The following was written by Pretoria-based ASFL Executive Board Member, Martin van Staden.
The West African nation of Liberia is apparently on the road toward privatizing its early childhood education system.
The Ministry of Education announced back in January that Bridge International Academies, a private American firm with over 200 schools in Kenya, would take over pre-primary and primary education in the educationally underdeveloped nation.
Partial or full privatization has been fiercely criticized by teachers unions, journalists, and most predictably, the United Nations. According to Special Rapporteur Kishore Singh, governments should primarily provide education within their jurisdictions – not private companies. The Mail & Guardian Africa, itself a news source, believes that the privatization of education is “just wrong”, regardless of what positive outcomes it may yield. The unions, as could be expected, see the job security of their members to be threatened, given Bridge International’s nontraditional focus on teaching-by-technology.
This is not ideal, indeed, but for other, more logical reasons than the aforementioned. As libertarians we criticize monopolization, whether by a state agency or by a state grant to a private company. Bridge International has a contract with the Liberian government which amounts to it simply taking the government’s position with regard to early education. The market has not been freed of barriers, and the government ‘retains’ its ‘right’ to revoke this contract each year, thus re-nationalizing the sector. This spells uncertainty, a lack of competition, and possibly, just scapegoating for the Liberian government. According to the Free Market Foundation of Southern Africa’s Eustace Davie, for entrepreneurs and investors to consider the education system as a viable opportunity, “governments would have to relinquish their existing dominance over and control of education.”

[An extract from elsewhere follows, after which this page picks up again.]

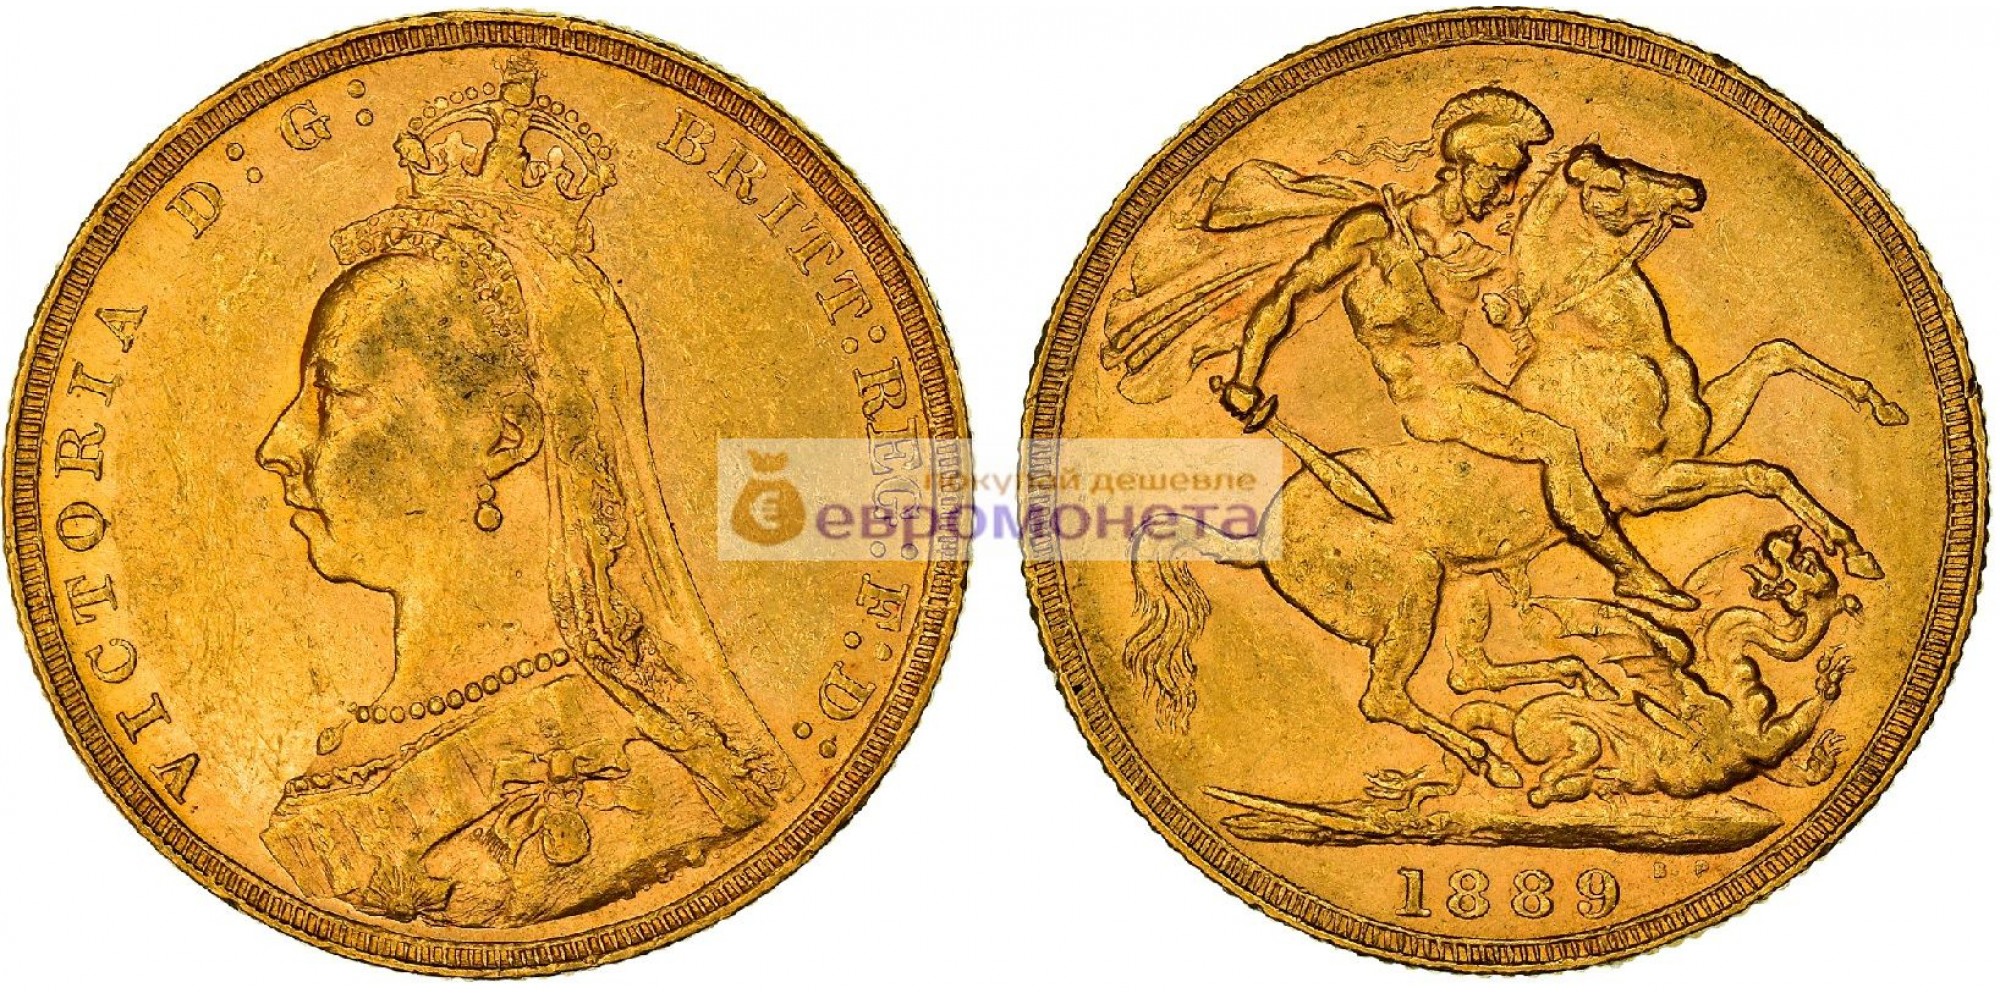 Великобритания 1 фунт (соверен) 1889 год. Королева Виктория. Золото

However, it is most certainly a step in the right direction. The government says that it seeks to eventually outsource all early childhood education to private providers, thus implying that Bridge International will not retain this monopoly in perpetuity. Indeed, without this barrier to entry, other international, and hopefully local, firms could step in and provide parents and children with a wide range of choices. The resulting competition will ensure that all firms strive to keep their customers satisfied with their service.
“Students worldwide desperately need entrepreneurs to become involved in education provision, to marshal resources, both human and physical, that will provide them with a diversity of educational choices allowing them to develop their talents to the fullest. [However, these entrepreneurs] are hamstrung by statutory and regulatory barriers that prevent them from fully employing their entrepreneurial talents to improve educational offerings.”
Little has been reported recently regarding where this initiative is going at this stage. Big government advocates will surely oppose it every step of the way, and, if it materializes, will hope that it fails, because it will give them another opportunity to construe market liberalization and privatization as harmful to human prosperity. Bridge International, however, is but a single firm, and without competition and wholesale deregulation, no failure, or success, can be attributed to market forces. Hopefully the Liberian government delivers on its promise to open the educational market up to other private providers soon.